Etats d’esprit
Etats d’esprit
Considérons deux domaines très différents de phénomènes, par exemple les phénomènes biologiques et les phénomènes physico-chimiques. On peut avoir la conviction physicaliste qu’il existe une dépendance métaphysique entre ces deux domaines, sans pour autant qu’il soit trivial du point de vue épistémologique de comprendre ou d’expliquer les phénomènes d’un des domaines dans le vocabulaire théorique qui s’applique à l’autre domaine.
Considérons la physiologie humaine à titre d’exemple. Depuis longtemps, nous sommes convaincus que la physiologie humaine dépend systématiquement de la physique et de la chimie, au sens suivant : il ne peut exister une différence physiologique entre deux organismes humains s’il n’existe pas des différences physico-chimiques entre ces organismes.
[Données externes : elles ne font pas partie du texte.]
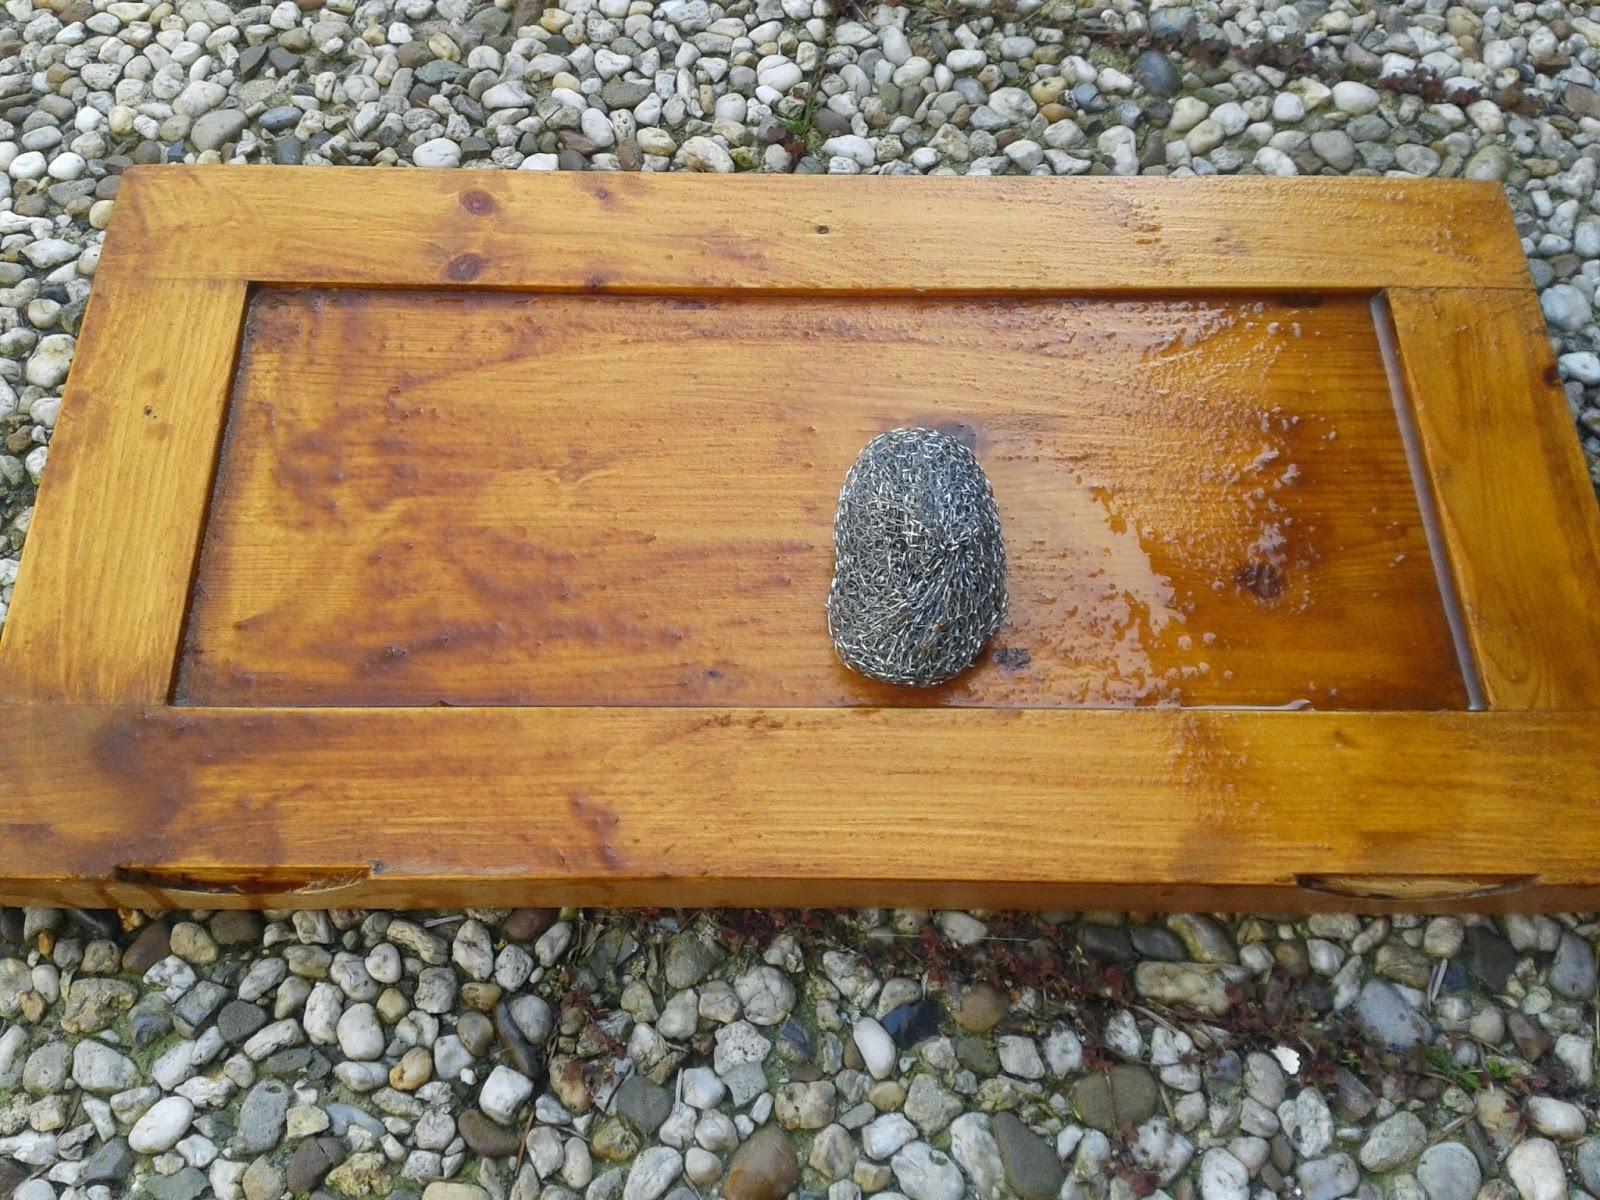 Opgeknapte Meubels Waslaag Van Meubel Verwijderen

Cela n’implique évidemment pas que les explications physiologiques puissent facilement être remplacées par des explications formulées dans le vocabulaire de la physique et de la chimie !
Qu’un problème ne soit pas trivial ne veut pas dire qu’il soit impossible à résoudre, cependant, et les philosophes s’intéressent plus, dans le cas présent, à l’existence d’explications qu’à la nature de ces explications. Or, il semble qu’il n’existe pas de gouffre explicatif entre les explications physiologiques et les explications physico-chimiques. Nous sommes en effet convaincus que les mécanismes physiologiques peuvent tous être décrits, plus ou moins difficilement, dans le vocabulaire des sciences plus fondamentales.
Il en va tout différemment, selon Joseph Levine et de nombreux autres philosophes contemporains, des relations entre le cerveau et l’expérience. Du point de vue métaphysique, nous ne pouvons que constater qu’il existe une dépendance systématique entre ces deux domaines : il semble qu’il ne puisse pas y avoir de différence entre deux esprits, du point de vue de leurs expériences, sans qu’il y ait également une différence cérébrale sous-jacente. C’est au niveau de la connaissance, de l’épistémologie donc et pas de la métaphysique, qu’il y a une réelle différence avec l’exemple de la physiologie humaine. Nous avons une idée très précise de la façon dont les mécanismes physiologiques sont réalisées par des mécanismes physiques et chimiques.
Qu’en est-il en effet de l’expérience ? Je bois une tasse de thé, et son amertume me fait grimacer. Une expérience a donc, en vertu d’une de ses propriétés, un certain effet psychologique. Supposons que l’on cherche à expliquer ce mécanisme psychologique dans le vocabulaire de la physique, ou même, plus simplement, dans celui de la physiologie. Pour ce faire, il faudra commencer par établir un lien conceptuel entre le caractère phénoménal de l’expérience — cet effet particulier que cela fait de boire du thé trop amer — et certaines propriétés neuro-physiologiques. Comment établir un tel lien ? Comment s’y prendre, autrement dit, pour expliquer le caractère purement qualitatif des expériences dans le vocabulaire scientifique ?
Si vous considérez comme Levine que nous n’en avons pas la moindre idée, vous adhérez à la thèse du gouffre explicatif. Il vous reste alors un choix à effectuer : ou bien expliquer l’existence d’un tel gouffre dans le cas spécifique de l’expérience consciente ; ou bien rejeter le physicalisme. Aucune de ces positions n’est confortable, et c’est ce qui rend la philosophie de la conscience si passionnante.